WORKING DATA:
* * * * * * *

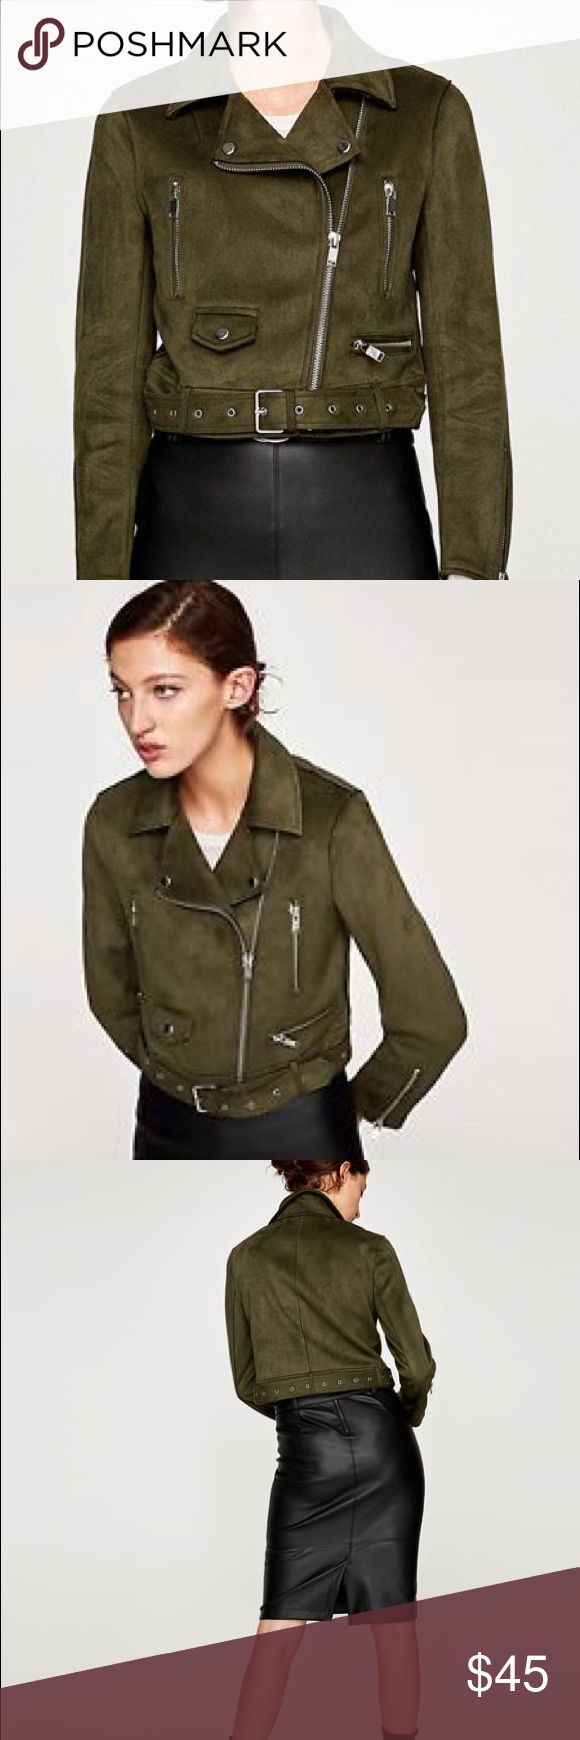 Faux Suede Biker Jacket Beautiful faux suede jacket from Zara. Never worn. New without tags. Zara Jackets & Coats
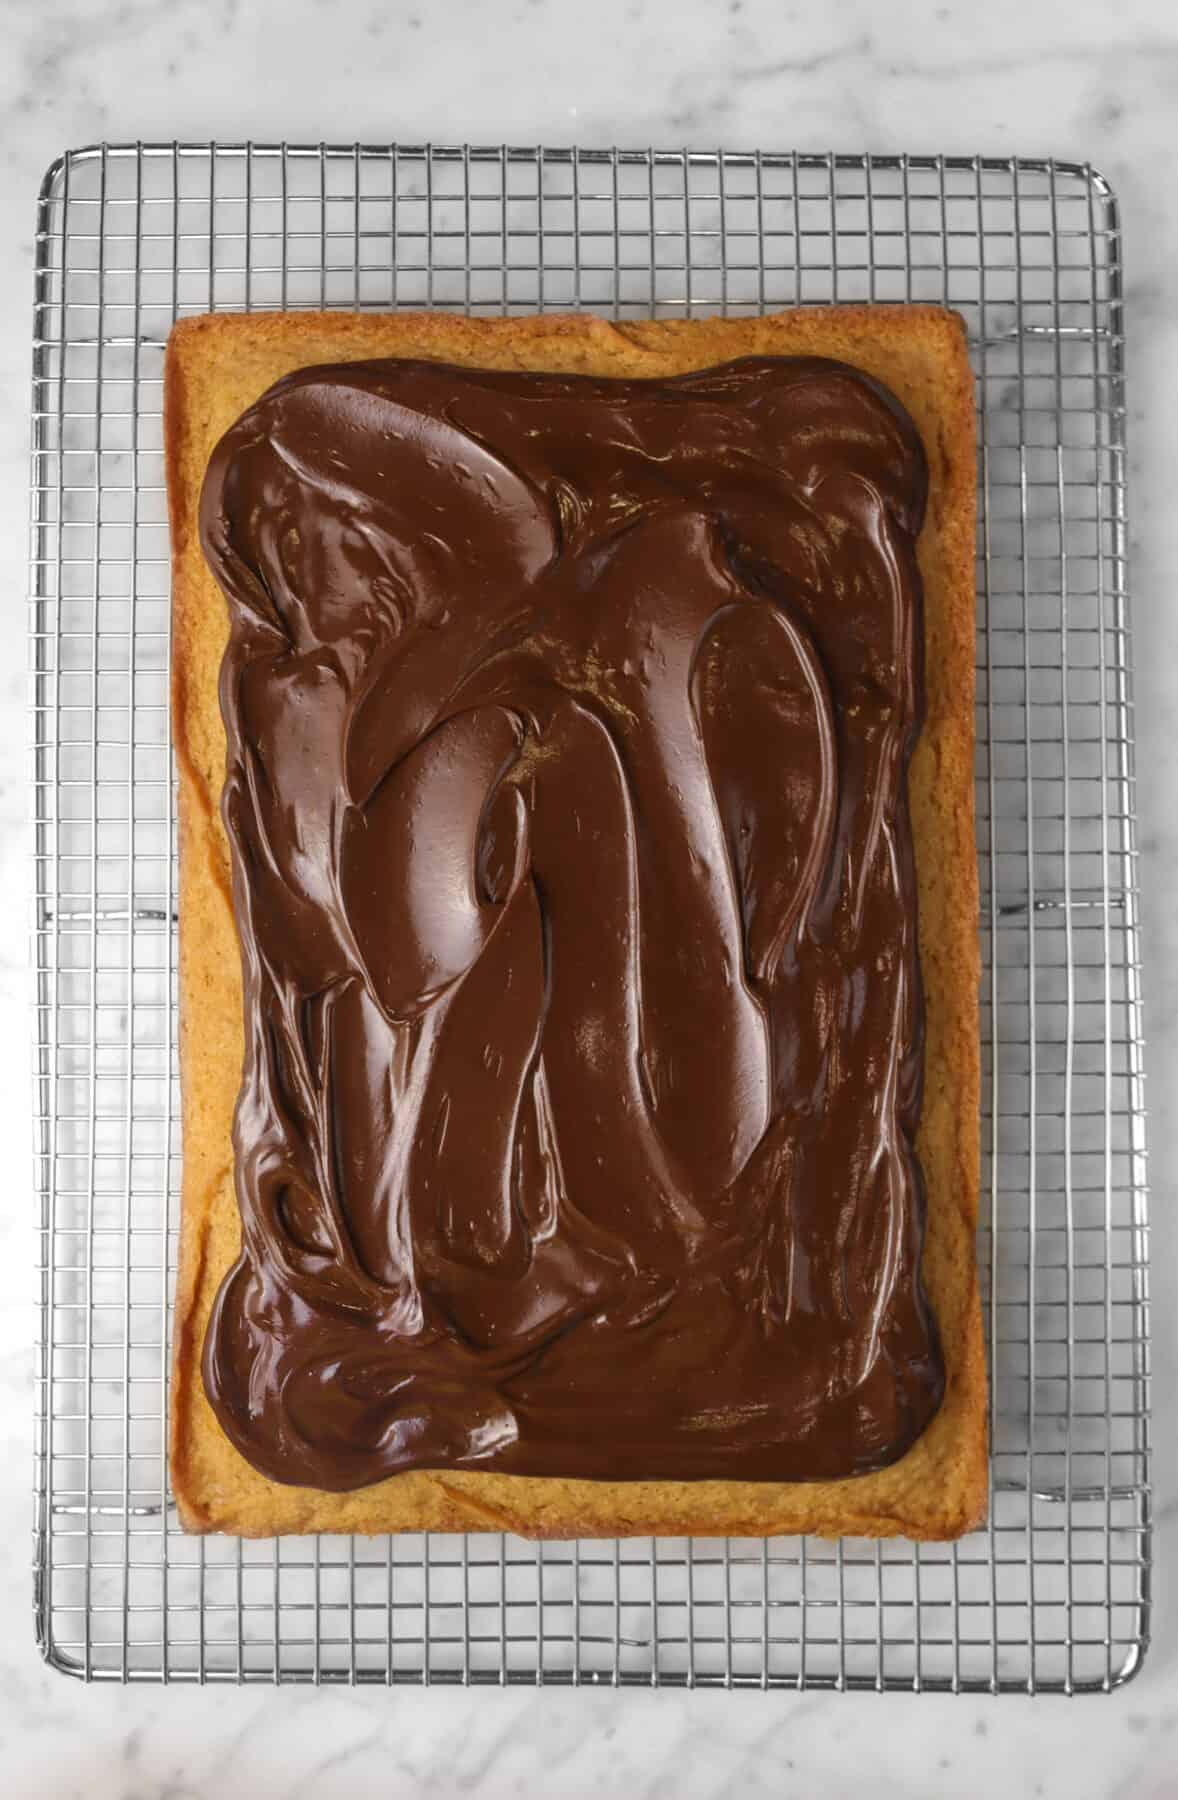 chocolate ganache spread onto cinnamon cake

* * * * * * *

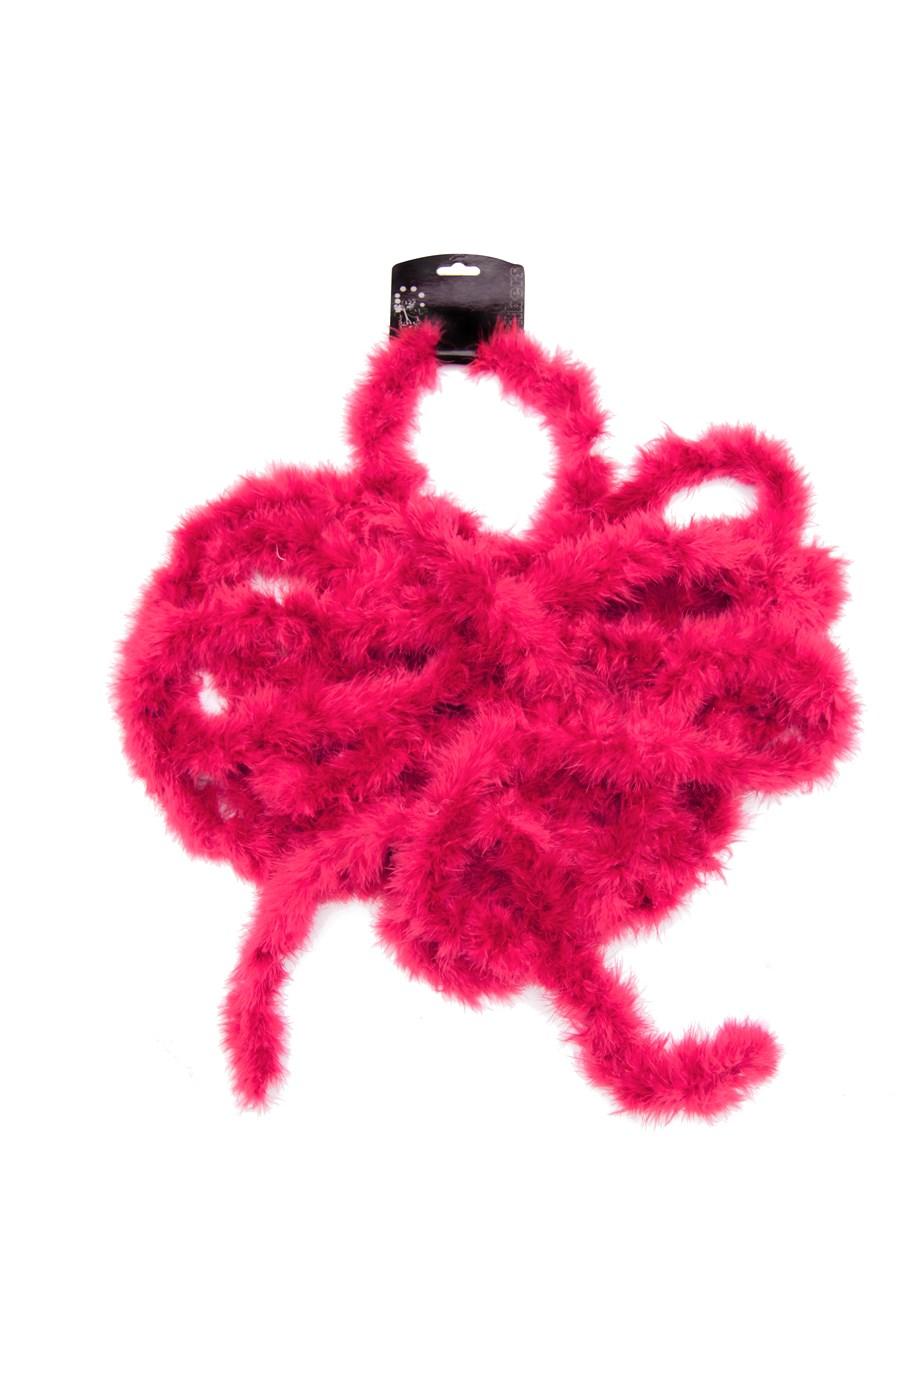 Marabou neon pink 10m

* * * * * * *

DIRECTIONS: Would you copy out, exactly and with no pictures, only the lines above from the one that contains "Faux Suede Biker" through the one that contains "chocolate ganache spread onto cinnamon cake"?

THE COMPLETED TASK:
 Faux Suede Biker Jacket Beautiful faux suede jacket from Zara. Never worn. New without tags. Zara Jackets & Coats
 chocolate ganache spread onto cinnamon cake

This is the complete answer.